Sure you can't upgrade the HDD easily, but I'd guess that's the same on all all-in-one units. That being said though, I have a mate who took his iMac to an Apple authorised service center for a quote on replacing his HDD with an SSD and they said they'd do it, warranty it, and take the glass out and reclean it dust got in and he was unhappy for £40 (he provided the SSD), which I thought was eminently reasonable to be fair.
The average Joe wouldn't upgrade their beige box PC either. That's how noddy computer shops are still in business.
Only the Retina display ones as far as I know, and I suspect that's down to getting the unit as thin as possible rather than making it difficult to upgrade, but I don't know obviously.
That's the direction it's going it, they are hard to open up and pretty much the only thing in the latest gen Macbooks you can change is the persistent storage. iMacs are hard to open, the new smaller one has no RAM door and accessing the drives in either is quite an operation, the Mac Mini has always been a tricky one because it's so small.
Apple are moving increasingly towards the phone/tablet "Appliance" model - when you want more you have to revisit the Apple store. I think it's a great shame and very bad for users, especially given the price gouging on upgrades at point of sale. I hope in the long run karma bites them for it but sadly I can see the whole industry going the same way in the pursuit of pointlessly thinner and thinner devices. Who seriously would care if iMacs were a bit thicker? Really? They still look like microwave oven doors however thin you slice them. Another 0.5mm off an Ultrabook but now can't change the RAM - oh whoop de doo, thanks for nothing... etc etc
The person who first decided "thin as possible" meant amazing is someone I would like to slap, form and functionality need to work together and sacrificing functionality to make something stupidly thin is just annoying.

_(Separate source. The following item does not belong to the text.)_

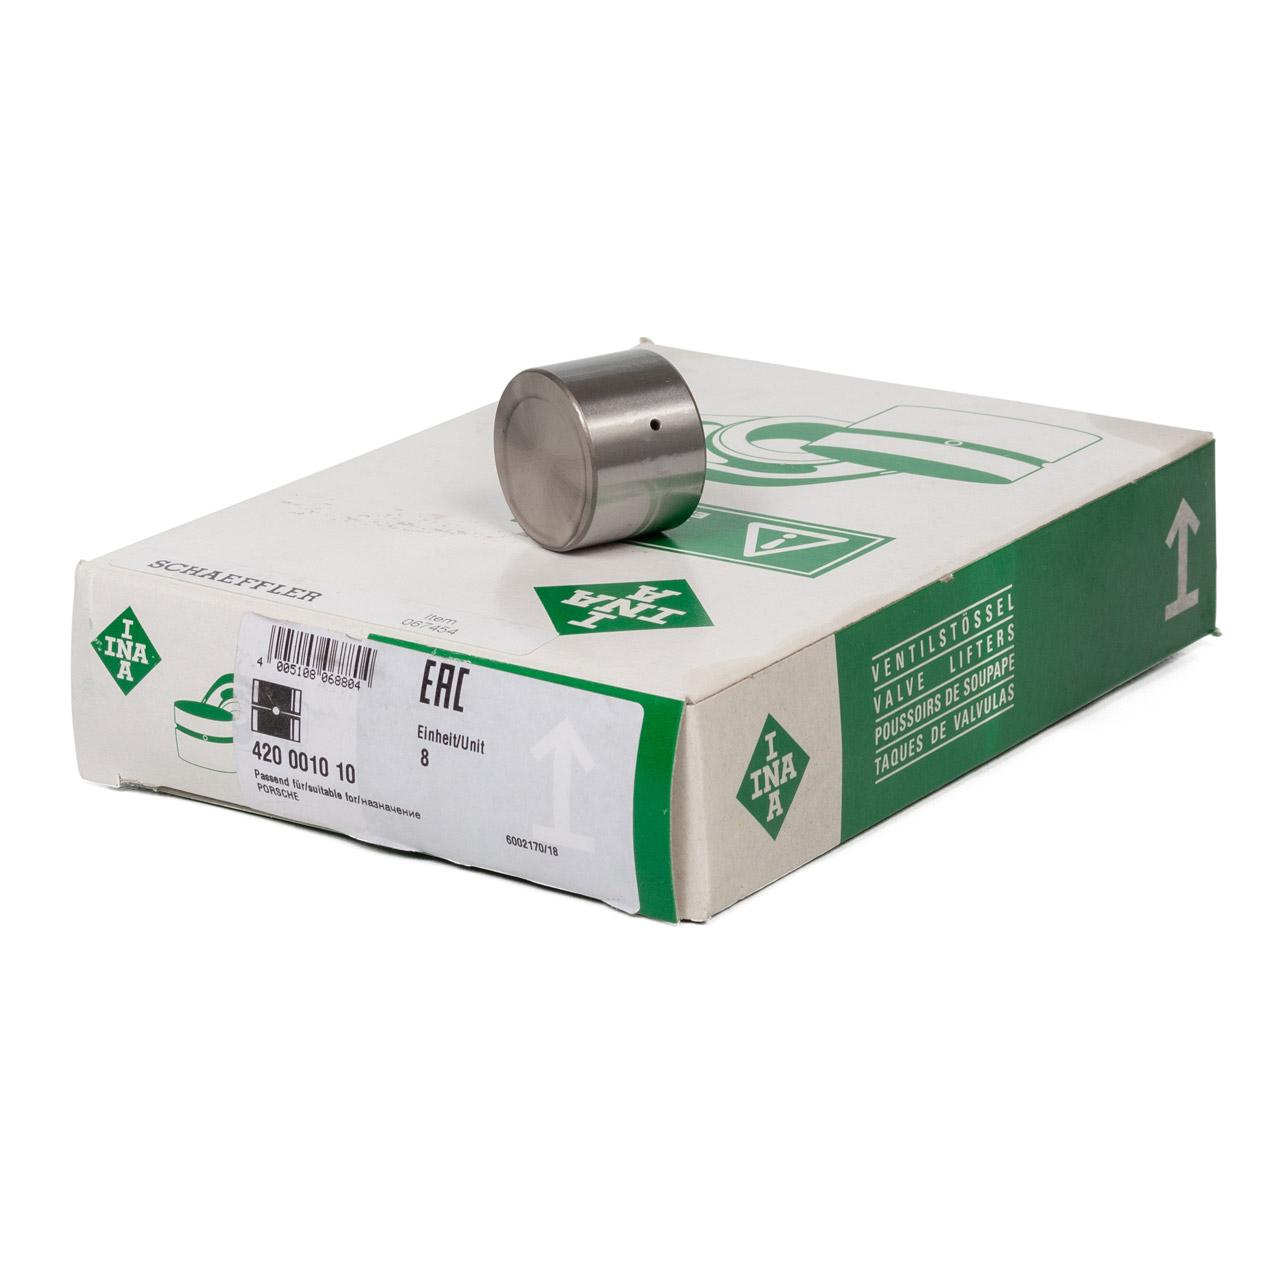 8x INA 420001010 Ventilstössel PORSCHE 928 5.0 5.4 944 2.5 S 3.0 S2 968 3.0

Really? Can it run Visio? VMWare vCenter? Crysis?
It's Windows OS on ARM, not suddenly porting or emulating 3rd party x86 apps
plus Microsoft hasn't publically released any api/tools for windows/arm deployment other than WinRT (metro/modernUI).
Yeah I know what you meant, but I guess you knew what I meant too.
This wouldn't surprise me a bit.
Would provide a clean break with all older software and give them a great opportunity to lock down the entire platform to the app store model, like on IOS.
I bet MS dreams that they could do the same...
I posted a similar rant regarding thin phones on one of the articles here recently, i completely agree
There really is a bizarre obsession with thinness at literally any cost in the tech market at the moment. I'd happily add a little thickness for more functionality myself...
Last edited by fail_quail; 12-11-2012 at 11:16 PM.